Entenda-se: Jesus não despreza os bens materiais, mas se opõe à dependência dos bens. O rico avarento a que se refere o Evangelho não é um desonesto, nem ladrão. É um trabalhador esforçado, previdente, consegue até ótimos resultados em seu esforço para produzir. E tudo isso, é bênção de Deus! Então, onde está a maldição? Vamos ao texto. Quando, por ocasião de uma grande colheita, o homem se deu bem, pensou consigo:
Vou derrubar os meus celeiros e construir maiores; neles vou guardar todo o meu trigo, junto com os meus bens. então, poderei dizer a mim mesmo: Meu caro, tu tens uma boa reserva para muitos anos. Descansa, como, bebe, aproveita! (Lc 12, 18-19).
Talvez poderíamos questionar: Mas, este homem não tem família, mulher, filhos, vizinhos, nem amigos e empregados? Provavelmente sim, mas não tem tempo para eles, não tem energias para empregar em favor delas, não se ocupa nem se preocupa com as pessoas, não tem sentimentos e por isso não vive o mundo da relação que gera comunhão. Só lhe interessa os que farão seus negócios prosperar. Seu pensamento gira em torno dos armazéns, das colheitas e dos cereais. Seus bens tornaram-se os seus ídolos e estes ídoloso destruíram tudo o que encontraram pela frente. Criaram um vazio ao redor dele, desumanizaram o coração completamente. o dito epulão tornou-se uma coisa, uma máquina que produz, faz contas. Para ele, "eu" e "meu" são pronomes frequentes, ou melhor, exclusivos, únicos. O "nosso", o "vosso", o "nós", o "tu", parece que não existem.
É sempre bom lembrar: o dinheiro é ótimo servo e péssimo patrão! Para a eternidade, só se leva o que se partilha, o que se investe para o bem de todos, não o que se acumula para si. Morrer, tendo na conta uma conta muito gorda, sendo proprietário de muitos bens pode acarretar diante de Deus
um juízo severo e exigente. O Deus Trindade que se revela em Jesus é um Deus comunhão, é um Deus que partilha tudo conosco e quer ver isso acontecer entre nós também. Cedo ou tarde chegará esse dia em que o sol deixará de brilhar, ou seja, a nossa vida encontrará o seu crepúsculo, o seu ocaso, estaremos diante do nosso entardecer, terminará a nossa peregrinação terrestre. "Ainda esta noite, pedirão conta da tua vida. E para quem ficará o que tu acumulaste?" (Lc 12, 20). A história é sempre a mesma! Deixa os bens para os herdeiros que irão brigar pela herança!!!! Nem depois de morto, o avarento sossega ou acaba o desassossego de ter acumulado bens!

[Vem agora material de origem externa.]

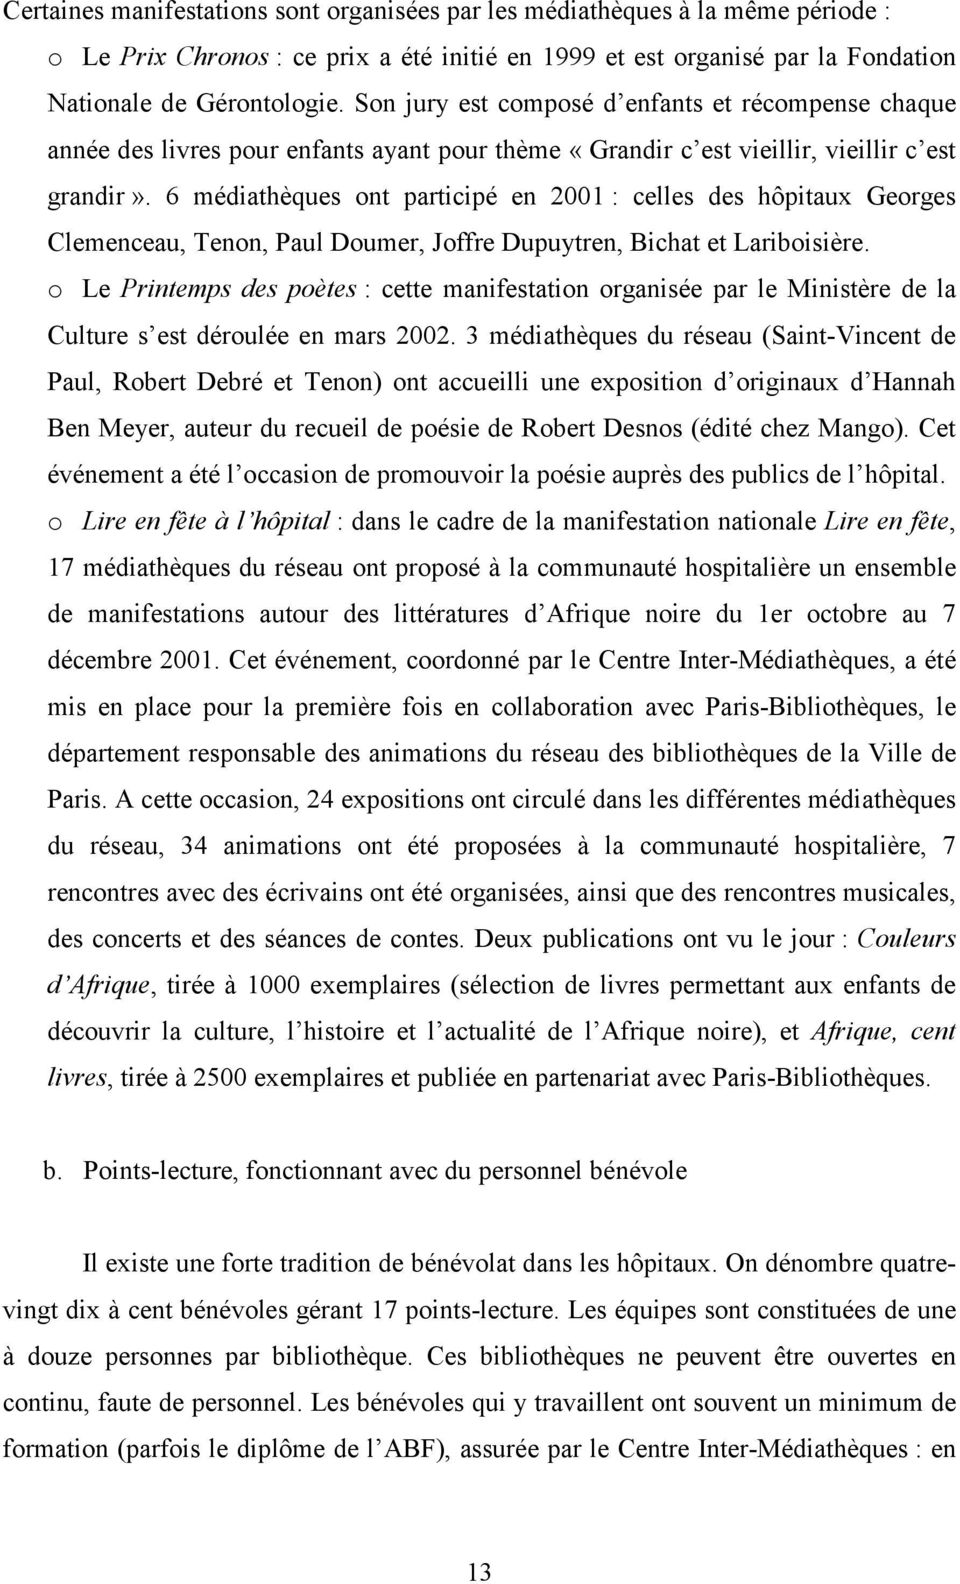 6 médiahèques on paricipé en 2001 : celles des hôpiaux Georges Clemenceau, Tenon, Paul Doumer, Joffre Dupuyren, Bicha e Lariboisière.

"Vaidade das vaidades, diz o Eclesiastes, vaidade das vaidades! Tudo é vaidade. Por exemplo, um homem que trabalhou com inteligência, competência e sucesso vê-se obrigado a deixar tudo em herança a outro que em nada colaborou. Também isso é vaidade e grande desgraça" (Ecl 1, 2.2, 21)
Vaidade! Isto é, vazio, fumaça que cedo ou tarde será dispersada pelo vento. Tudo passa, todos passarão. Vaidade, com certeza! Mas, quem partilha a vida, os bens e ama de verdade e concretamente, vive a comunhão e a partilha, celebra a vida e se alegra com o que Deus dá e o que Deus tira, naquela visão de fé e confiança própria de quem é filho, quem a nada se apega, mas a tudo dá o valor que lhe for devido, este não passará, este não vive na vaidade, mas na verdade e por isso, não perecerá, viverá eternidade a dentro. Por isso, com o salmista rogaremos ao Senhor:
Ensinai-nos a contar os nossos dias e dai ao nosso coração sabedoria [Sl 89(90)]
Um abraço para ti, caro Filoteu!
Padre, adorei o seu blog...
Gostaria de lhe pedir para esclarecer sobre o porquê de pedirmos a interseção dos santos... vez por outra os protestantes criticam essa nossa atitude enquanto católicos, alegando que o único intercessor entre a humanidade e Deus é Jesus Cristo... e eu, particularmente, não sei o que responder.
Grata,
Vitória, tudo bem ? Desculpa a intromissão, mas creio que 1 Timóteo cap 2 Vers 3 ao 6 responde sua pergunta. Um abraço.